= Beginning of Section =

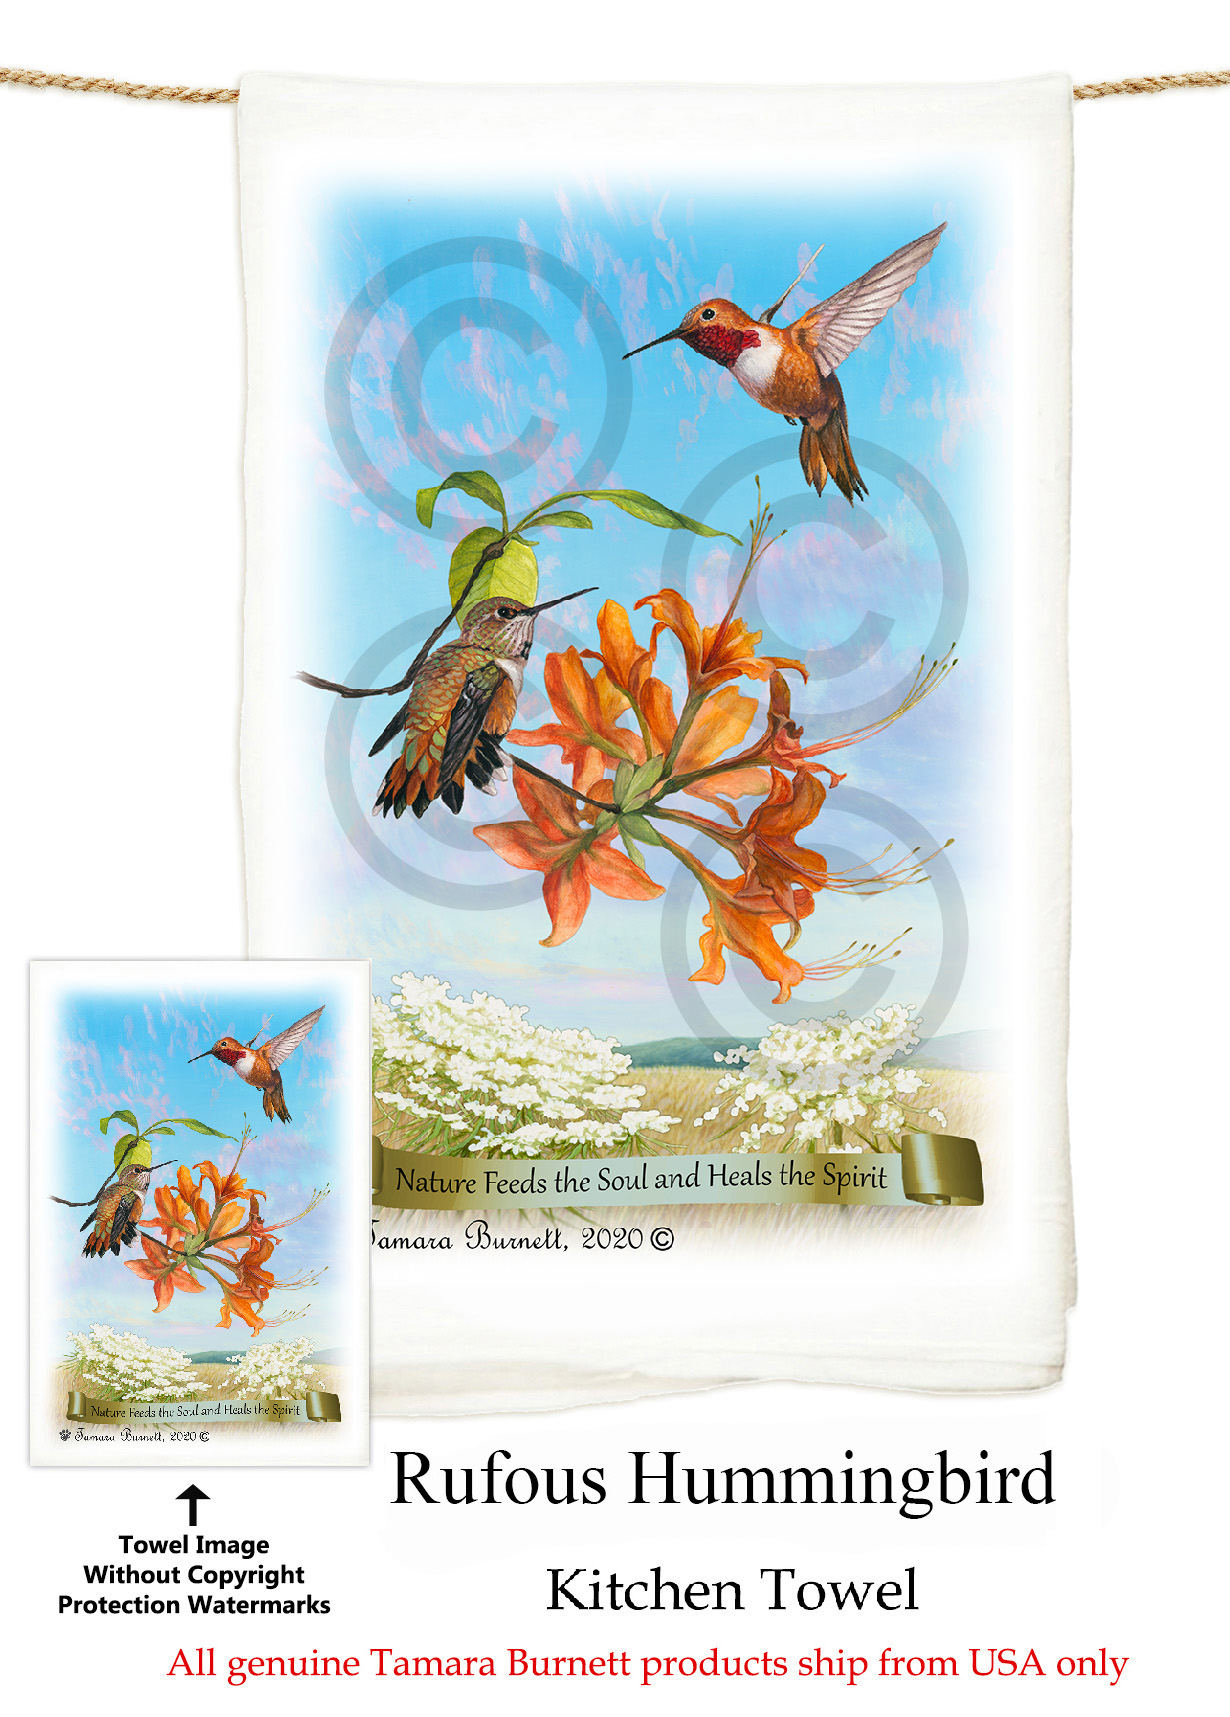 Rufous Hummingbirds - Flour Sack Towel image sized 1230 x 1717
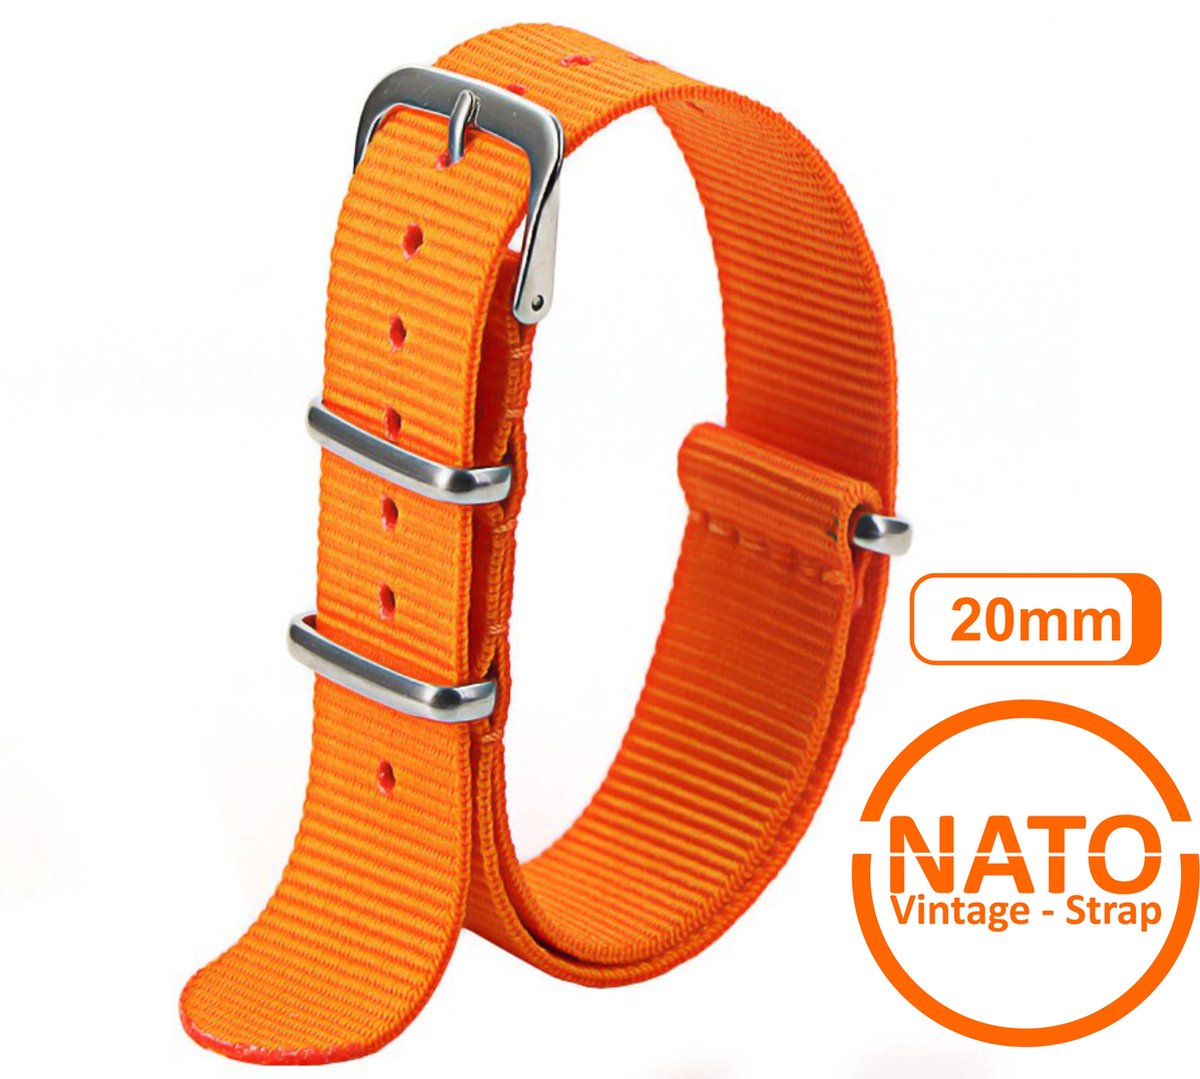 20mm Premium Nato Strap Oranje - Vintage James Bond - Nato Strap collectie - Mannen - Horlogeband - 20 mm bandbreedte voor oa. Seiko Rolex Omega Casio en Citizen
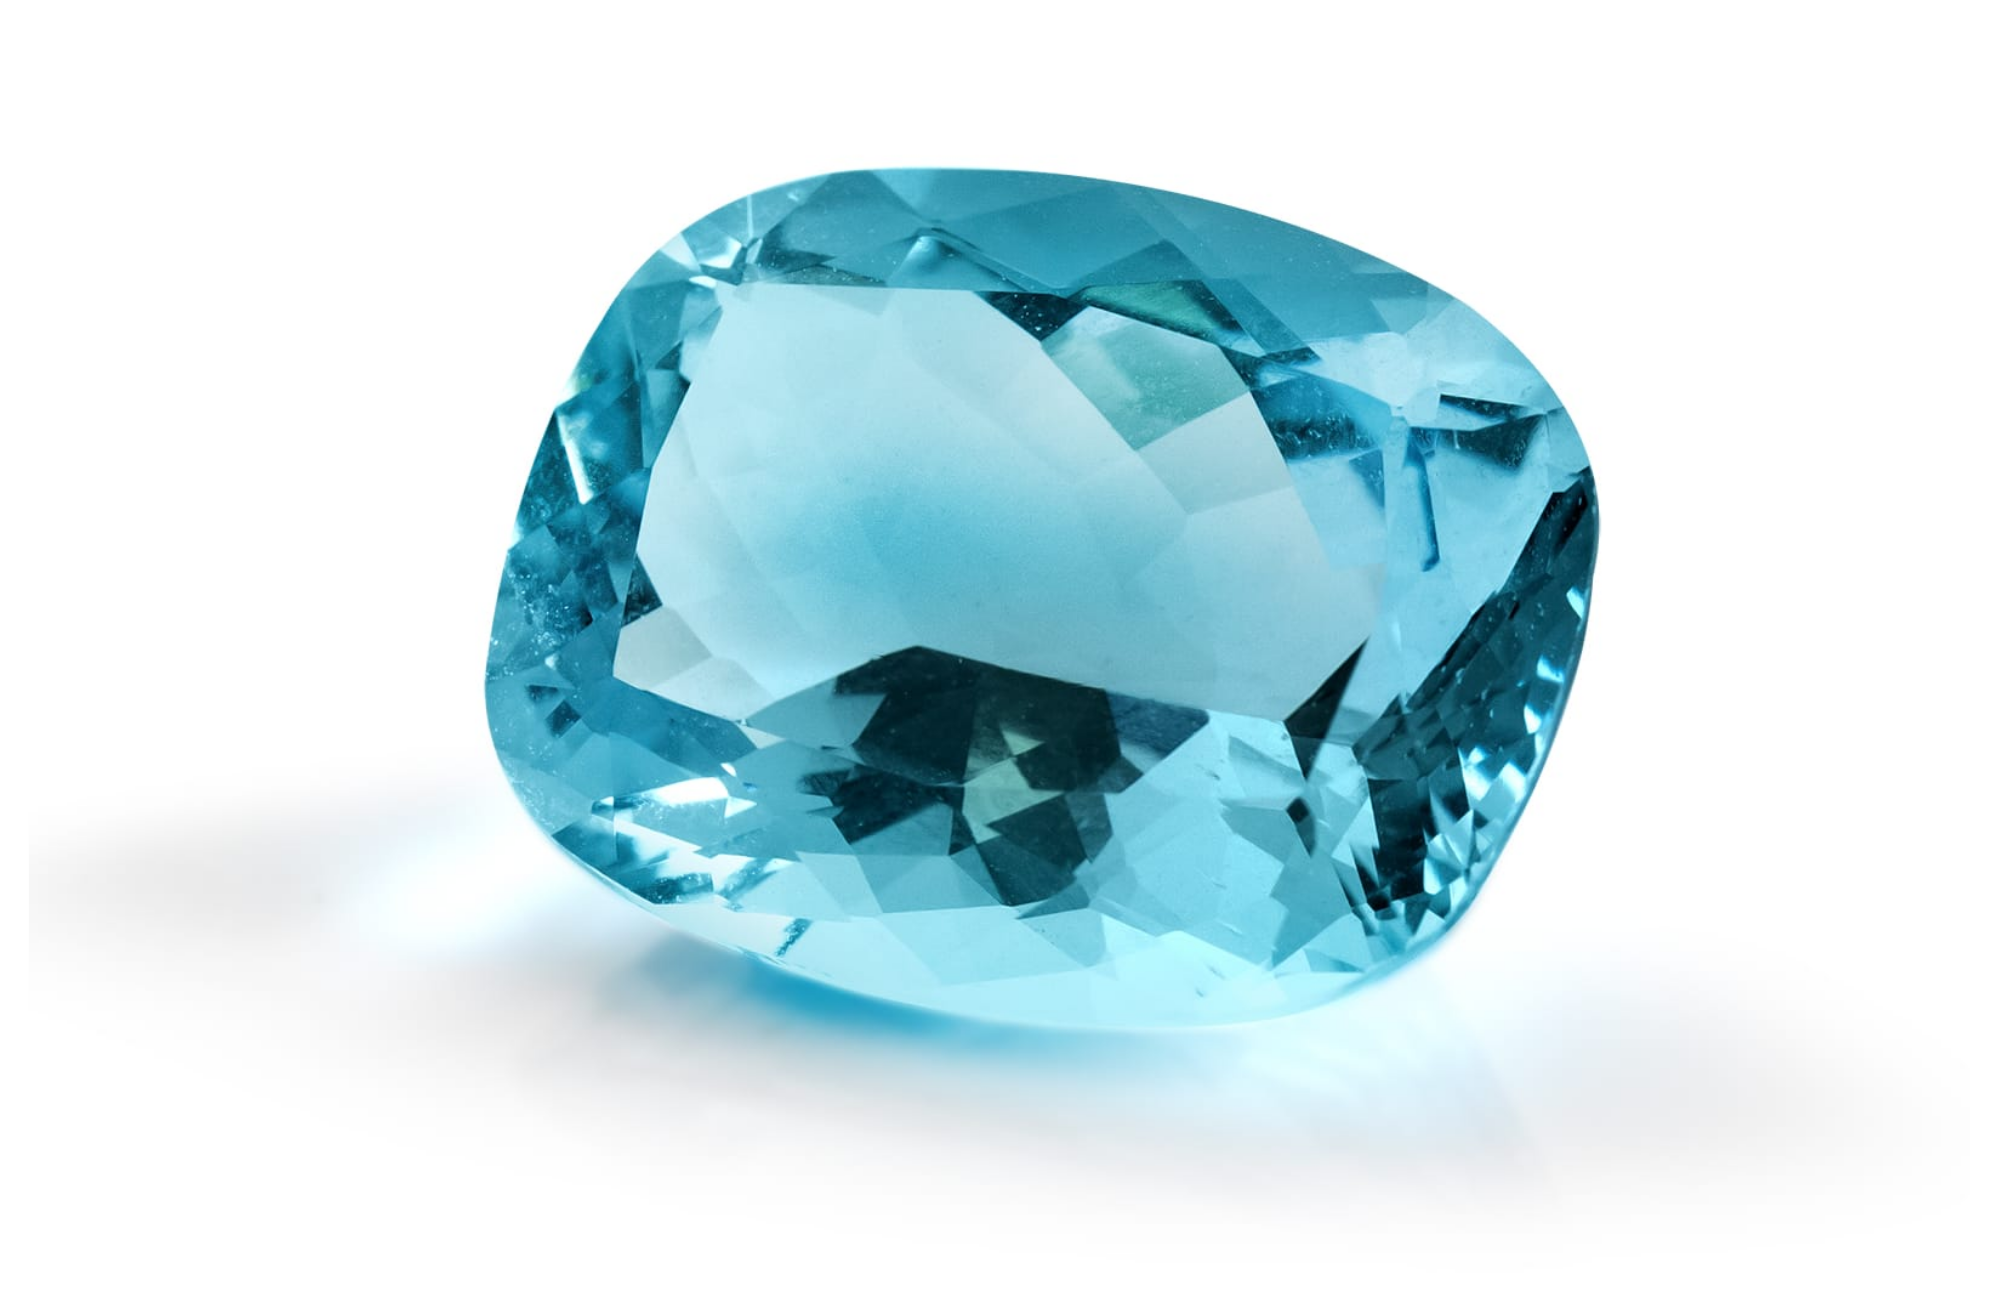 Oblong-shaped aquamarine gem
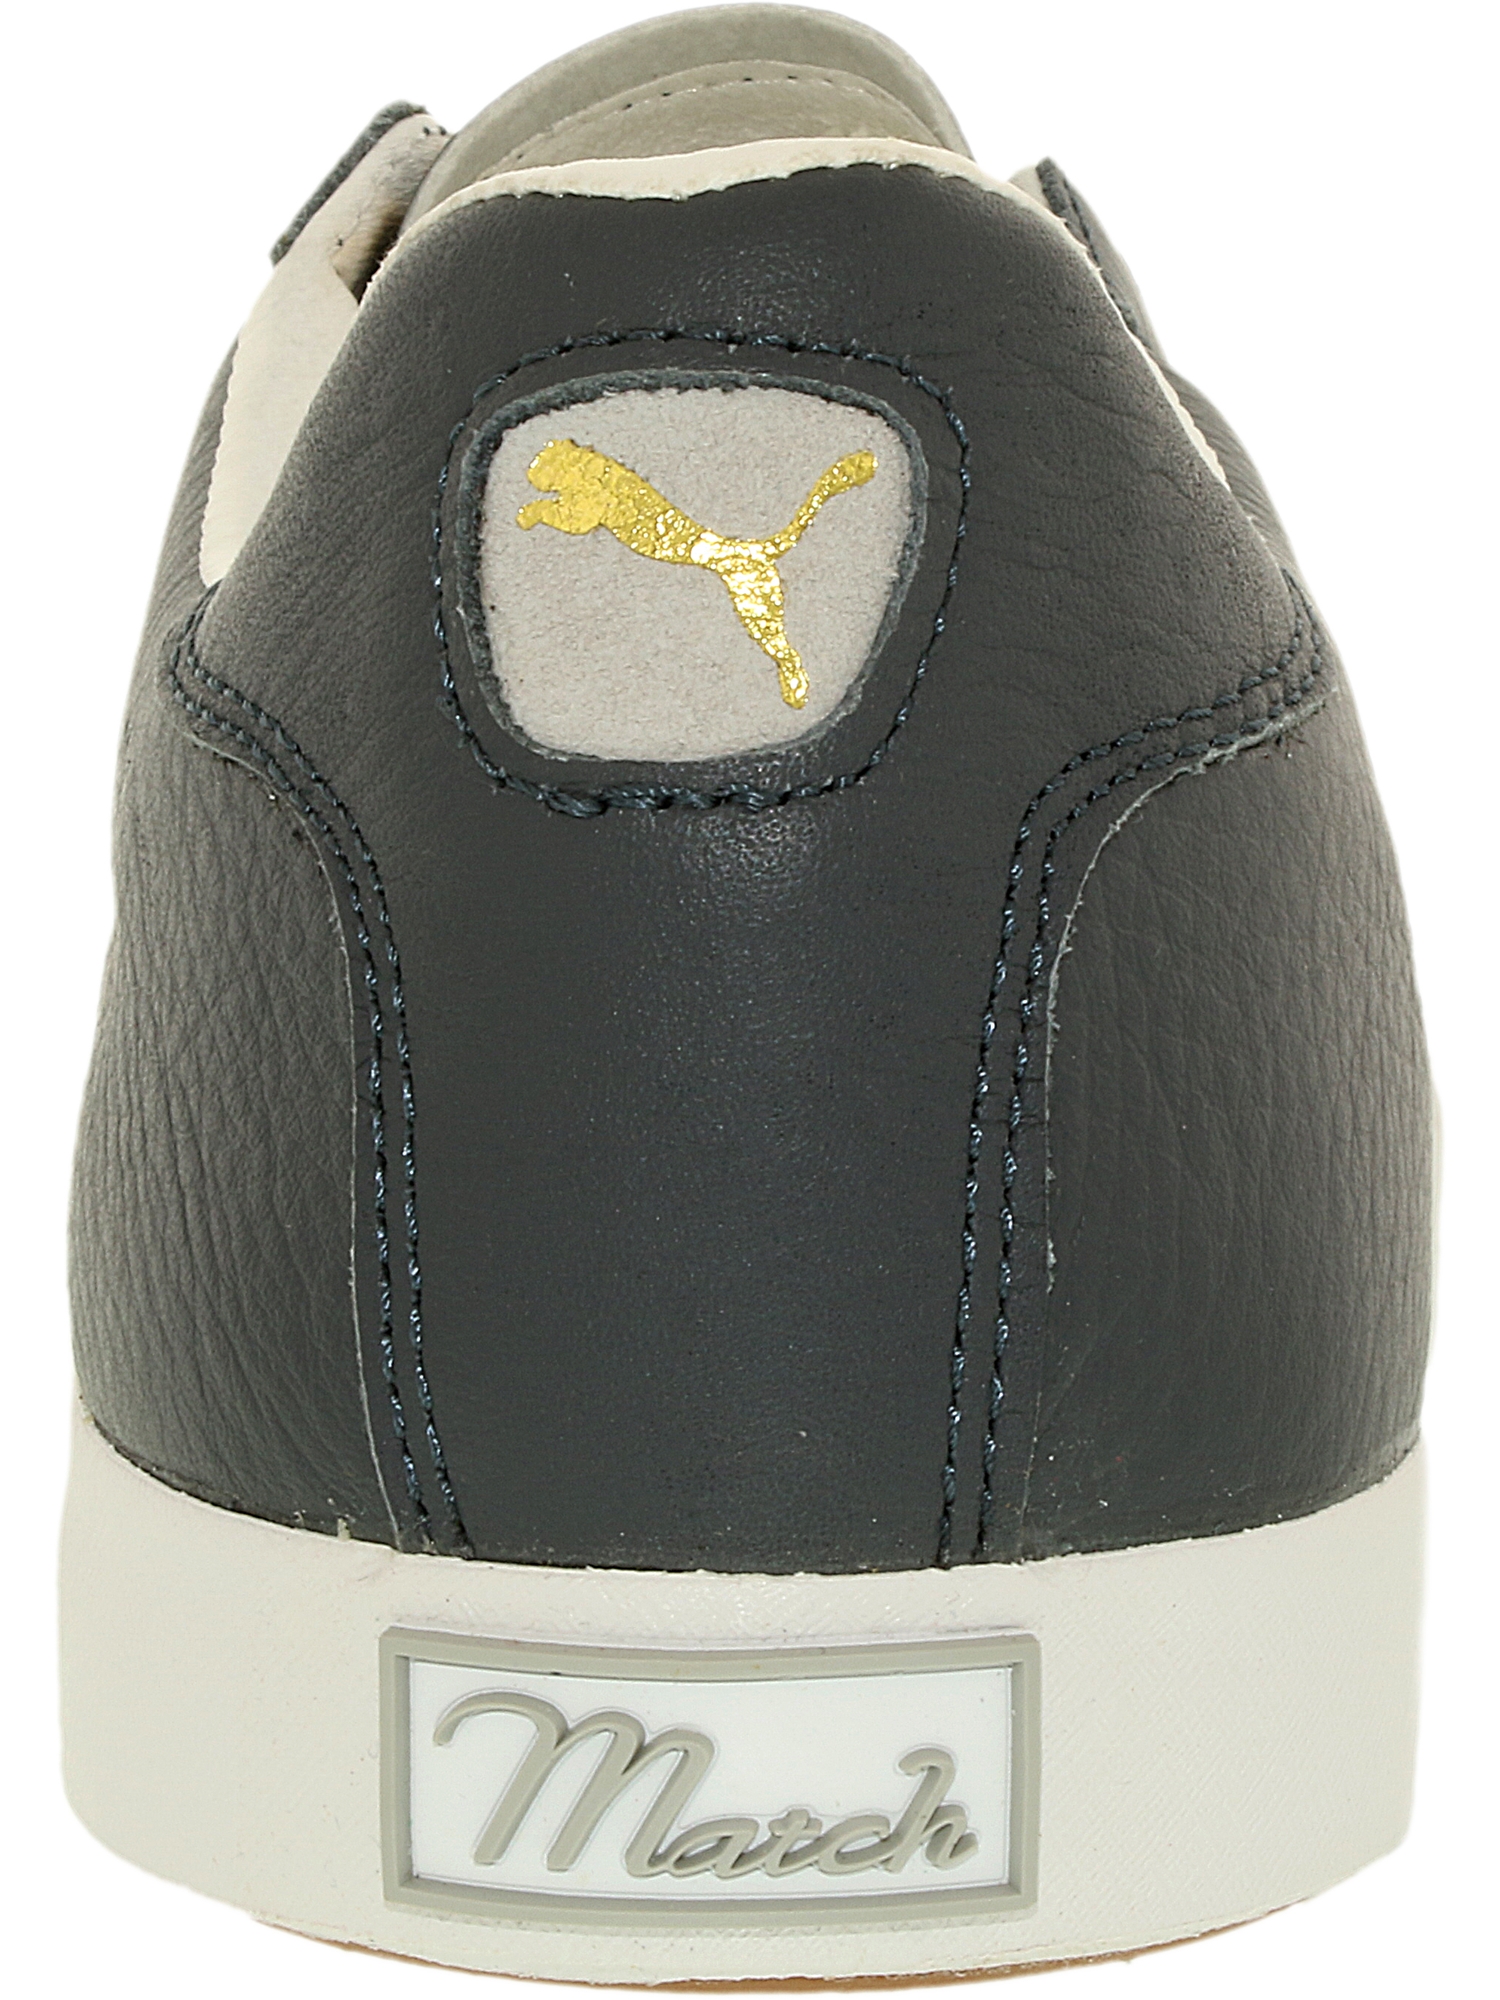 Puma Match Vulc Mens Gray Sneakers - image 3 of 3

= End of Section =

**What to work on**
Nothing but the lines from the one containing "Oblong-shaped aquamarine gem" through the last line of the listing should be copied, each word for word and without pictures.

**Response for this exercise**
 Oblong-shaped aquamarine gem
 Puma Match Vulc Mens Gray Sneakers - image 3 of 3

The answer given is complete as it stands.